Magnetic field Controlled Anderson Delocalization in a Spinful Non-Hermitian Chain

Abstract

Anderson localization (AL) and the non-Hermitian skin effect (NHSE) represent two paradigmatic localization phenomena driven, respectively, by disorder and non-Hermiticity. In one-dimensional (1D) non-Hermitian systems, these factors are known to compete and provide a smooth crossover between AL and NHSE upon parameter tuning. Here, we show that this interplay is fundamentally enriched in spinful systems, where an external magnetic field acts as an additional degree to manipulate the localization behavior. By investigating a disordered 1D spinful non-Hermitian chain, we demonstrate that under appropriately correlated disorder configurations across spin sectors, the magnetic field enhances the AL $\rightarrow$ NHSE crossover. Interestingly, this facilitates the Anderson delocalization transition even in strongly disordered systems where states would otherwise be Anderson localized. By analyzing the inverse participation ratio and the mean center of mass, we map the resulting triple interplay between disorder, non-Hermiticity, and the magnetic field strength, identifying regimes of Anderson localization and skin accumulation. We further reveal that this magnetic field driven delocalization phenomenon originates from an effective suppression of disorder strength via Zeeman-induced inter-chain coupling across the spin sectors.

Figures (6)

• Figure 1: Schematic of a disordered spinful 1D Hatano-Nelson model subjected to gauge type $\mu,\nu = z$ such that $\theta_L$ is chosen imaginary.
• Figure 2: (a) Parameter plot illustrating localization regimes, obtained using $\langle \overline{\text{mcom}} \rangle$ for the spinless model with $t_R=1$ and $N=100$. The red region represents non-Hermiticity dominated region with left-localized skin states and white represents disorder dominated (or clean) regime hosting Anderson (or extended) states. (b) Representative Anderson states and (c) skin states in the disorder dominated and NH dominated region, respectively, obtained from one disorder realization. The result in (a) is averaged over 1000 disorder realizations. The '$\text{mcom}$' is discussed in Sec. \ref{['sub sec Triple interplay of disorder, non-Hermiticity, and Magnetic field']} in detail.
• Figure 3: (a-b) Eigenstates: $|\psi_n^{\uparrow}|, |\psi_n^{\downarrow}|$, and corresponding eigenspectrum of the system under external magnetic field ($B\hat{i}$) in the presence of symmetrically correlated disorder. The eigenstates retain Anderson localization even under the magnetic field influence.

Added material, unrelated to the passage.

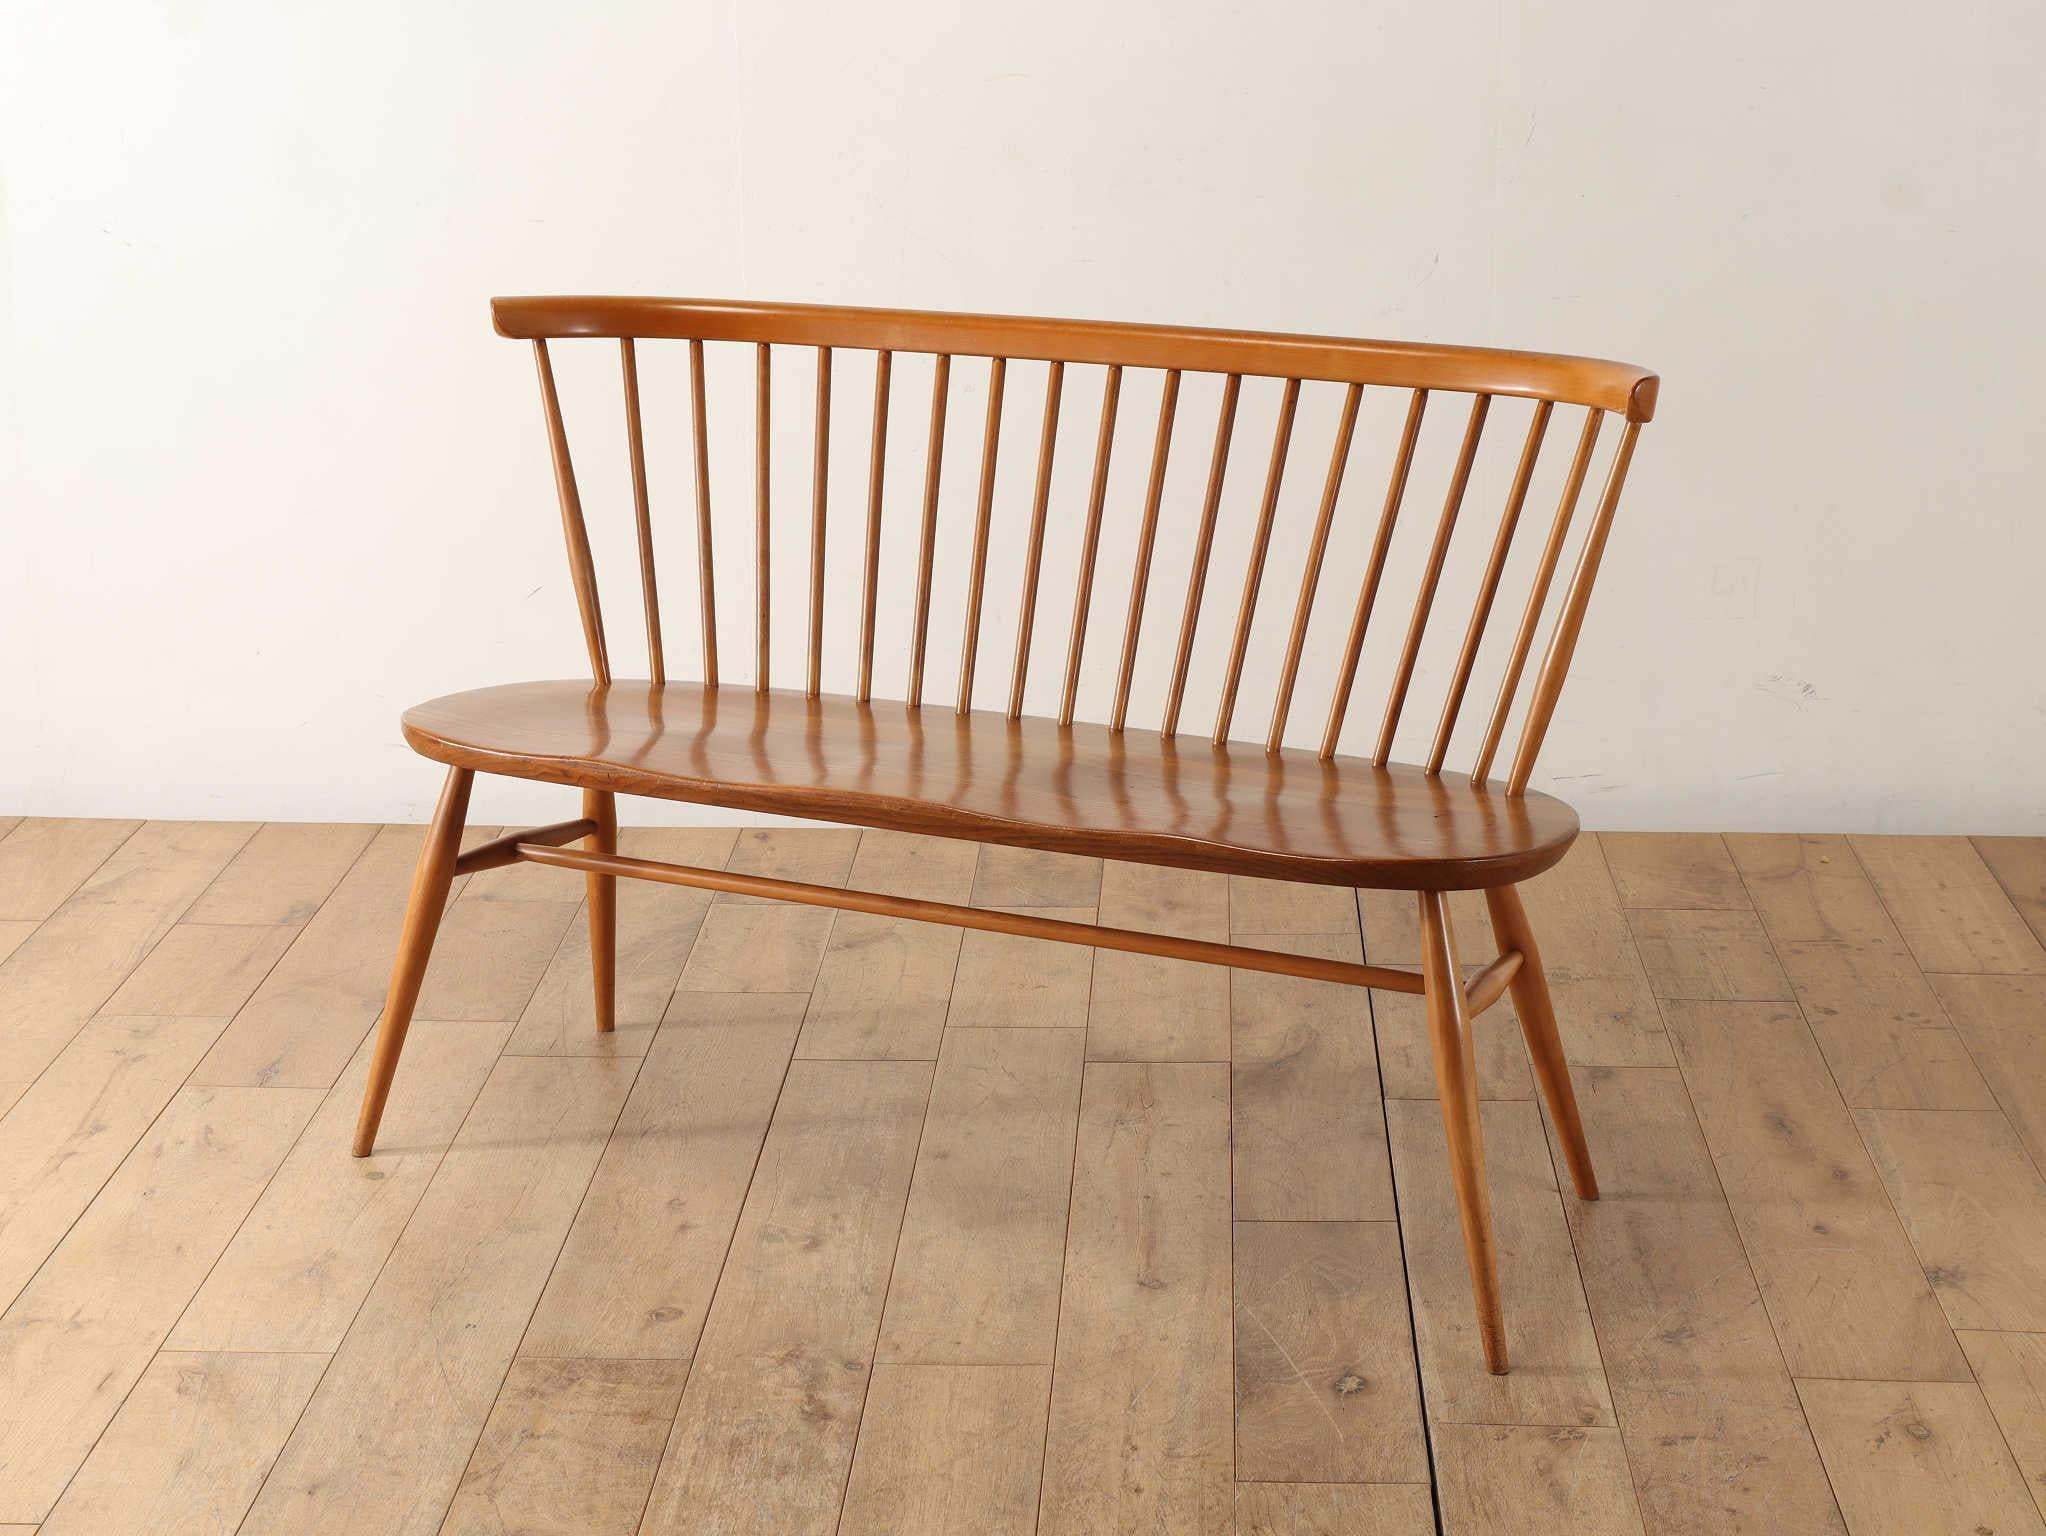 The Ercol loveseat is a representative of UK modernity and is still a popular brand founded by designer Lucian R. Ercolani in 1920. The smooth form of the seat, made of hard, bend-resistant elm wood with smooth corners, fits tenferly against the

Only a few eigenstates have been plotted for clarity. (c-d) Similar plots for the case of anti-symmetrically correlated disorder. All the eigenstates exhibit NHSE following Anderson delocalization. The eigenspectrum (d) exhibits point gap with PBC (black) eigenenergies enclosing the OBC (green) eigenenergies. Parameters chosen include $(\theta_L,\theta_R) = (i/5, 1)$, $W/J=5$, $B/J=10$, and $N=100$. All of the above results are numerically obtained from one representative disorder realization.
• Figure 4: $\langle \overline{\text{IPR}} \rangle$ and $\langle \overline{\text{mcom}} \rangle$ plots. (a-c) Upper panel represents the $\langle \overline{\text{IPR}} \rangle$ and (d-f) lower panel represents the $\langle \overline{\text{mcom}} \rangle$ for both up- and down-spin sectors, under anti-symmetrically correlated disorder as a function of (a,d) disorder with $\theta_L=i/2$, $B/J=4$, (b,e) non-Hermiticity with $B/J=4$, $W/J=8$, and (c,f) magnetic field with $\theta_L=i/2$, $W/J=8$. The red (blue) curves indicate up(down)-spin sectors. The results are averaged over an ensemble of 1000 disorder configurations. Common parameters include $\theta_R=1$ and $N=100$.
• Figure 5: $\langle \overline{\text{mcom}} \rangle$ plots for both spin sectors having anti-symmetrically correlated disorders, represented in the (a,b)$B-W$ plane with $\theta_L=i/2$, (c,d)$\theta_L-B$ plane with $W/J=8$, and (e,f)$\theta_L-W$ plane with $B/J=4$. The upper (lower) panel represent up (down)-spin sector. The red (blue) region indicates left (right)-NHSE, and the white denotes Anderson localization (or extended states in limiting cases). The results are averaged over an ensemble of 1000 disorder realizations with $\theta_R=1$ and $N=100$.